Material provided:

====

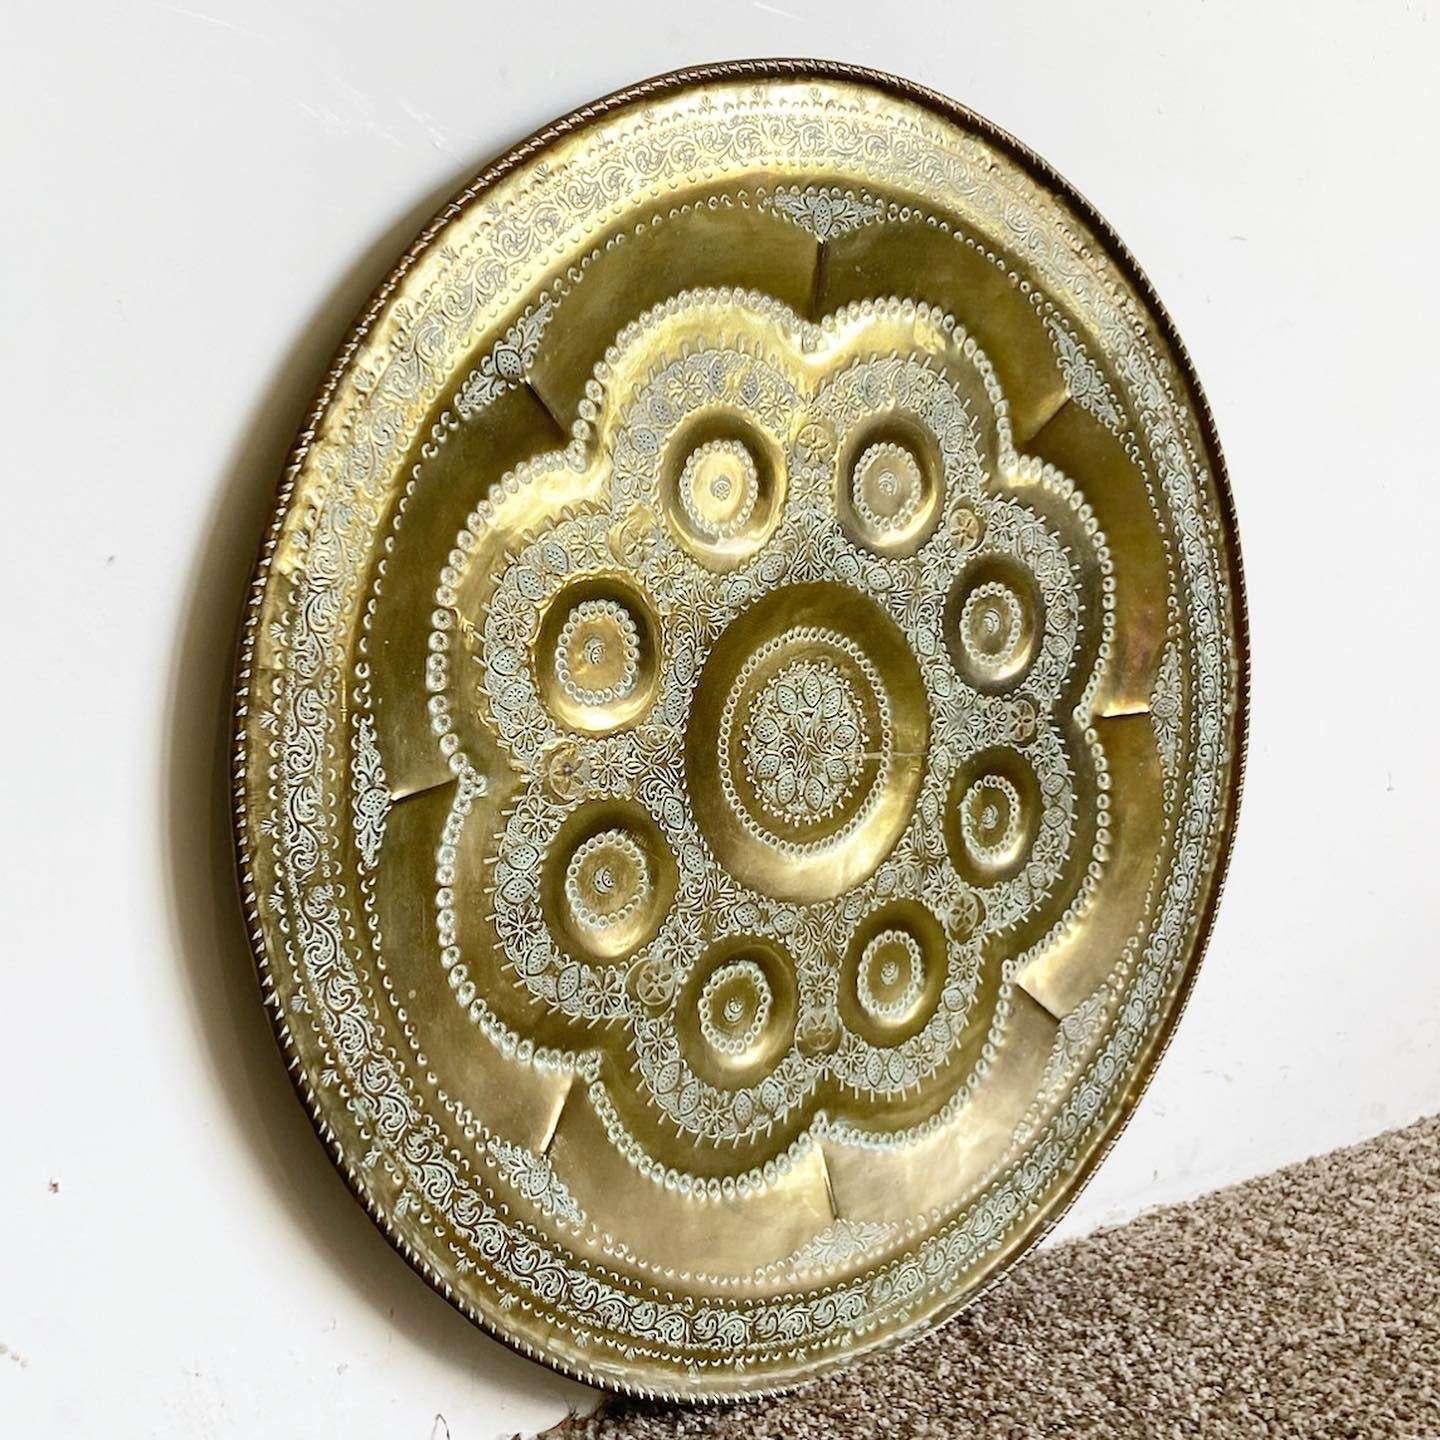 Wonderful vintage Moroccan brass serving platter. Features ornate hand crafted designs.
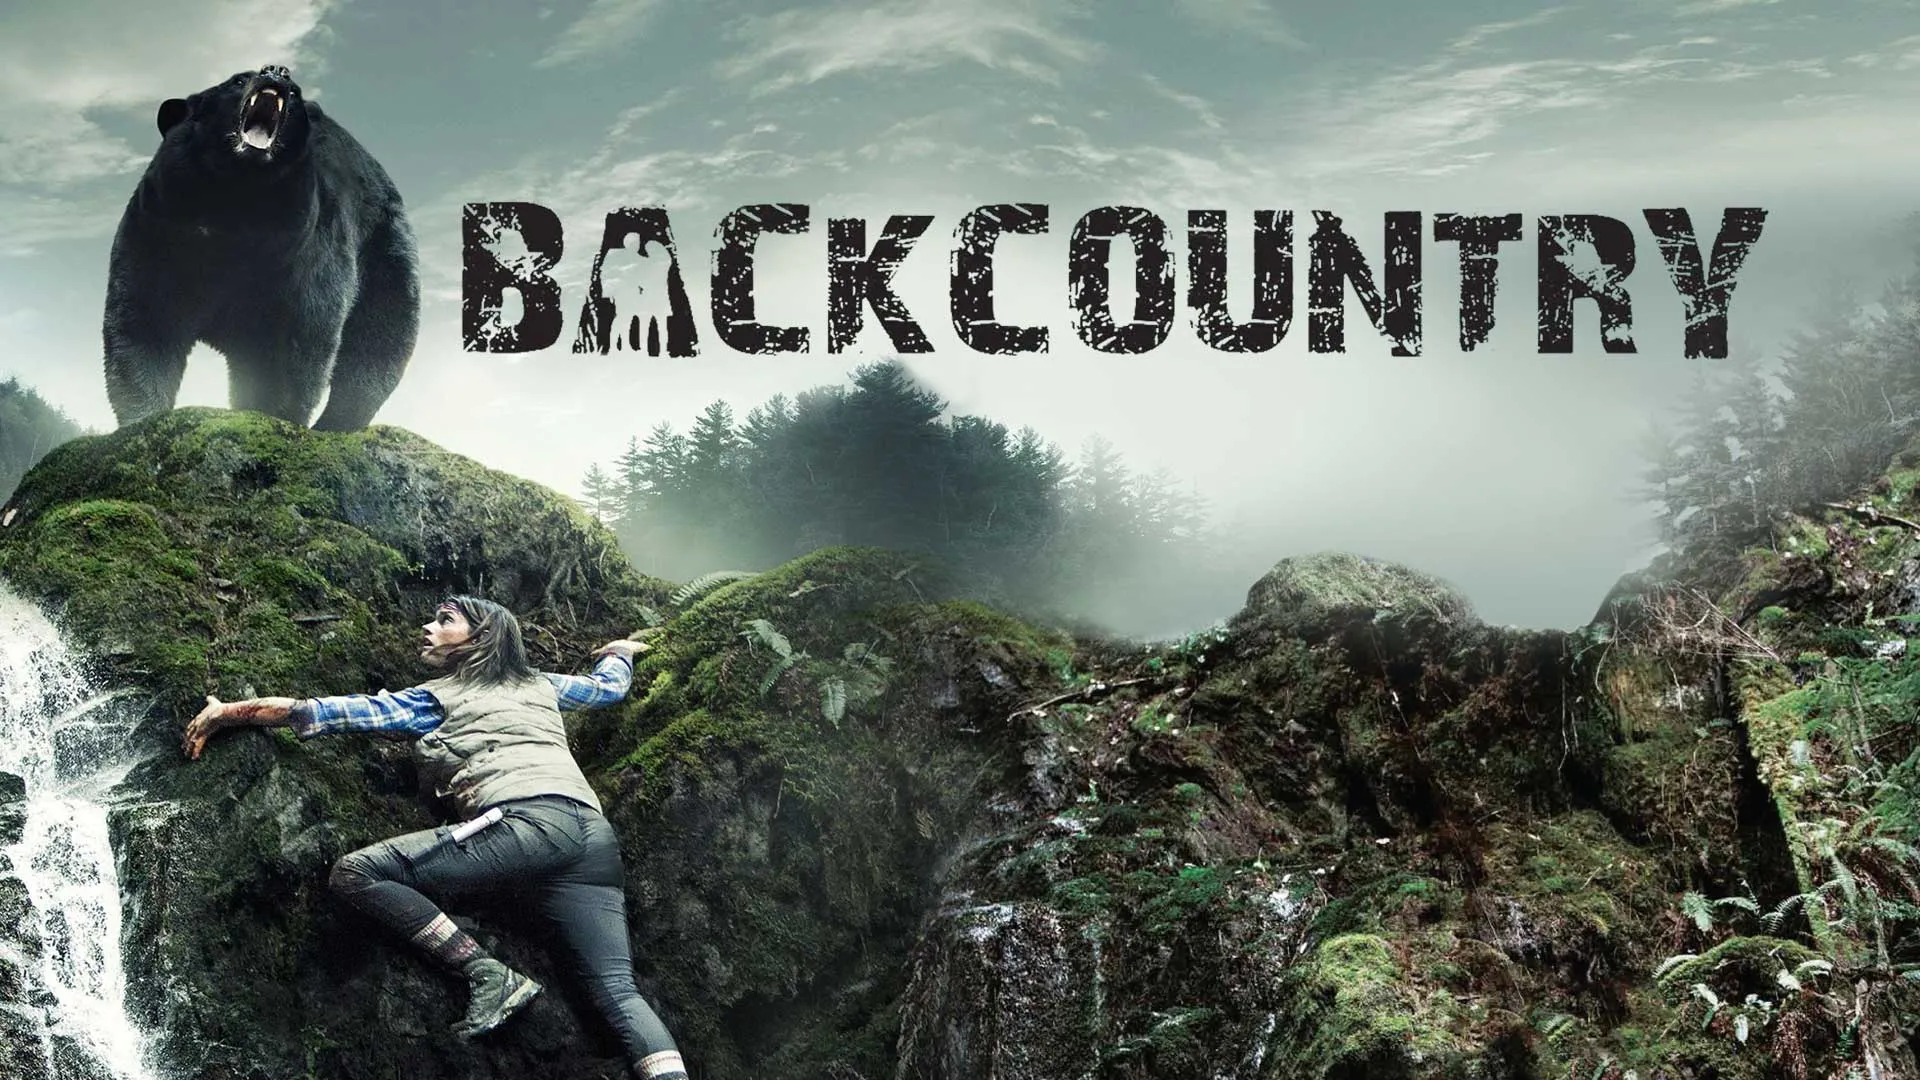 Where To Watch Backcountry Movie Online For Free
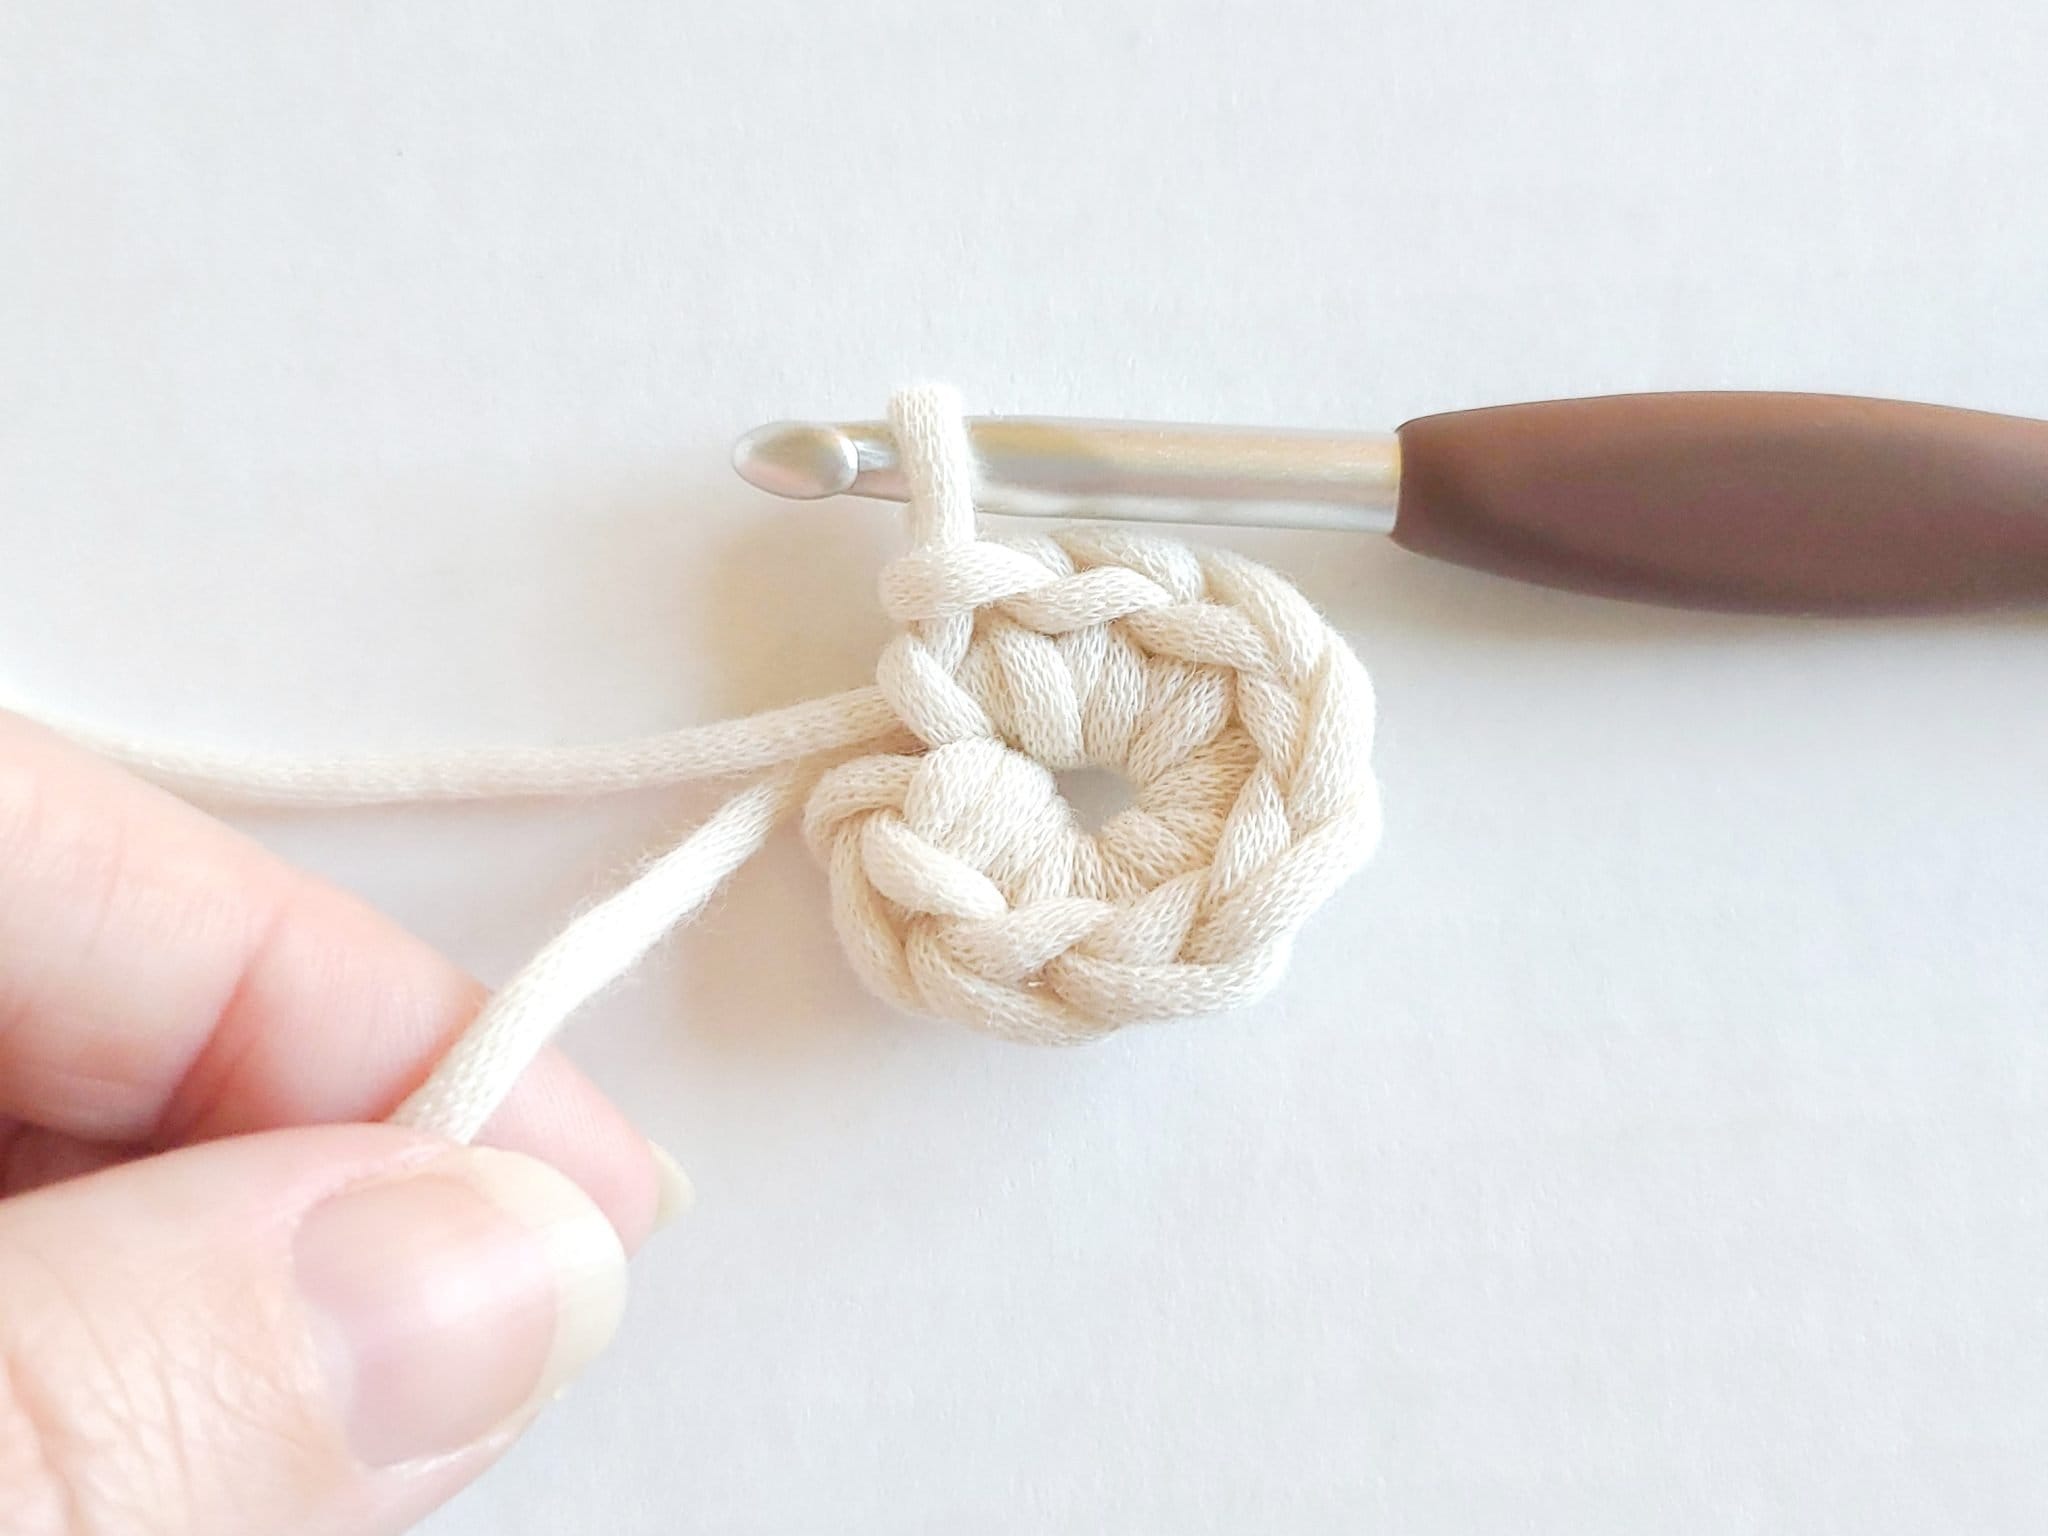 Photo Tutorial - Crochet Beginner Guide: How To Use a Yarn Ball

====

Exercise requirements: The range to transcribe runs from the line holding "Where To Watch" through the final line of the data above; copy it exactly and exclude the pictures.

Answer for this exercise:
 Where To Watch Backcountry Movie Online For Free
 Photo Tutorial - Crochet Beginner Guide: How To Use a Yarn Ball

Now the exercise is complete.